Chiou C Y, Williams G H, Kifor I
Endocrine-Hypertension Division, Brigham and Women's Hospital, Boston, Massachusetts 02115, USA.
J Clin Invest. 1995 Sep;96(3):1375-81. doi: 10.1172/JCI118172.
To address the question as to how zona glomerulosa (ZG) cell angiotensin II (Ang II) secretion is regulated, we developed an immuno-cell blot assay to measure its secretion from single cells. We compared these results with those obtained from population studies using a superfusion system. Modulation of Ang II secretion was investigated acutely (by administrating potassium [K+] or captopril) and chronically (by feeding the animals low or high sodium diets). The area of secretory cells, halo areas, and halo intensities varied widely but were highly significantly correlated (P < 0.001) with each other. A disproportionate amount of Ang II was secreted by a small number of large cells. When K+ concentration was increased from 3.6 to 0 mM, superfused ZG cells increased their Ang II secretion 2.32 +/- 0.59-fold. Administration of captopril reduced the K(+)-stimulated Ang II secretion 1.24 +/- 0.07 fold. These findings were reflected in the cell blot assay as a change in the frequency distribution of halo area by K+ and captopril in the same direction as in the population study. In both conditions, the percentage of secretory cells did not change significantly from control. Superfused ZG cells from rats on a low sodium diet secreted 1.85 +/- 0.58-fold more Ang II than cells from sodium-loaded rats (p < 0.05, n = 6). The cell blot assay confirmed these findings with sodium restriction significantly increasing (P < 0.001) both the halo area and its frequency distribution to a larger portion of high secreting cells. However, in contrast to acute treatment with K+ or captopril, the number of secretory cells also doubled. Thus, the individual ZG cell uses two mechanisms to modify Ang II production. In response to acute stimulation and suppression, the amount of Ang II secreted per cell is modified without changing the number of secretary cells. With chronic stimulation, both the amount of Ang II secreted per cell and the number of secretary cells increase.
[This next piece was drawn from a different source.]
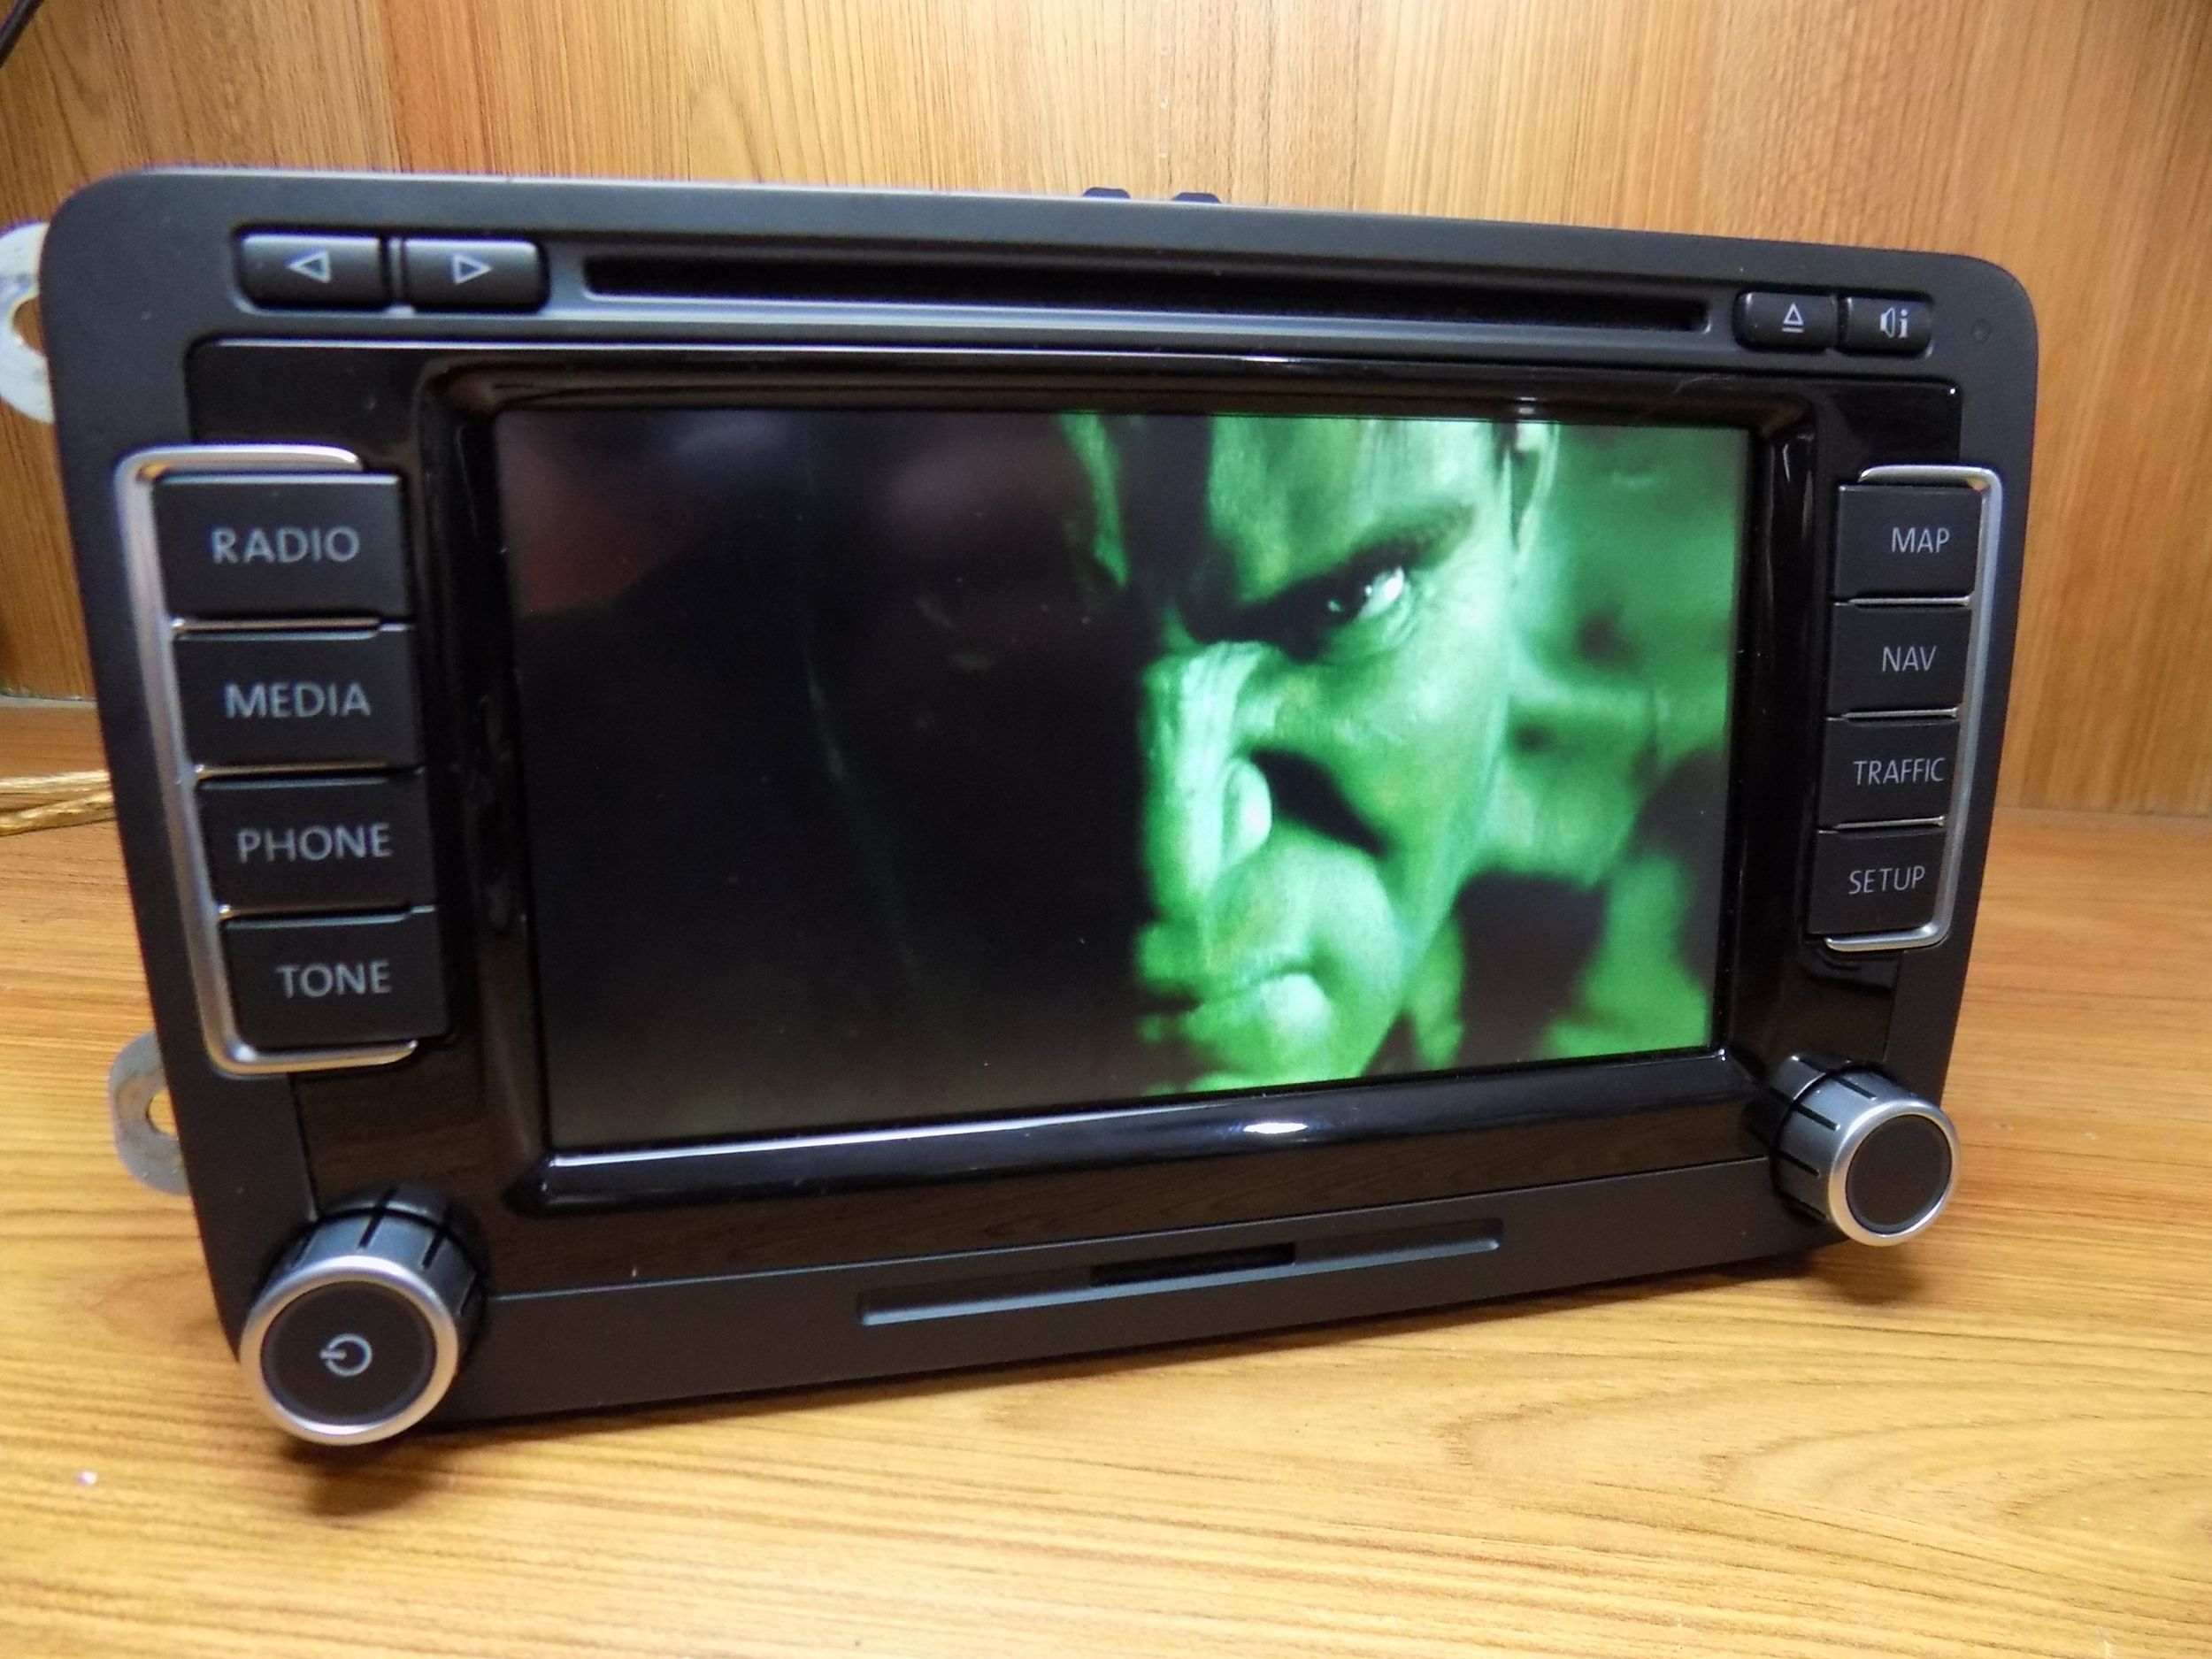 polovni vw rns 510 fabricka navigacija dvd mp3 cd sd golf. Black Bedroom Furniture Sets. Home Design Ideas

为了探讨肾小球带(ZG)细胞血管紧张素II(Ang II)分泌是如何调节的,我们开发了一种免疫细胞印迹测定法来测量单个细胞的分泌情况。我们将这些结果与使用灌流系统进行的群体研究结果进行了比较。通过急性(给予钾离子[K+]或卡托普利)和慢性(给动物喂食低钠或高钠饮食)方式研究了对Ang II分泌的调节。分泌细胞的面积、晕环面积和晕环强度差异很大,但彼此之间高度显著相关(P < 0.001)。少量大细胞分泌了不成比例的大量Ang II。当K+浓度从3.6 mM增加到0 mM时,灌流的ZG细胞将其Ang II分泌增加了2.32±0.59倍。给予卡托普利使K+刺激的Ang II分泌减少了1.24±0.07倍。这些发现在细胞印迹测定中表现为晕环面积的频率分布因K+和卡托普利而发生与群体研究相同方向的变化。在两种情况下,分泌细胞的百分比与对照相比均无显著变化。低钠饮食大鼠的灌流ZG细胞分泌的Ang II比高钠负荷大鼠的细胞多1.85±0.58倍(p < 0.05,n = 6)。细胞印迹测定证实了这些发现,即钠限制显著增加(P < 0.001)晕环面积及其频率分布,使其在分泌较高的细胞中占更大比例。然而,与用K+或卡托普利进行急性处理不同,分泌细胞的数量也增加了一倍。因此,单个ZG细胞使用两种机制来改变Ang II的产生。在急性刺激和抑制反应中,每个细胞分泌的Ang II量发生改变,而分泌细胞的数量不变。在慢性刺激下,每个细胞分泌的Ang II量和分泌细胞的数量均增加。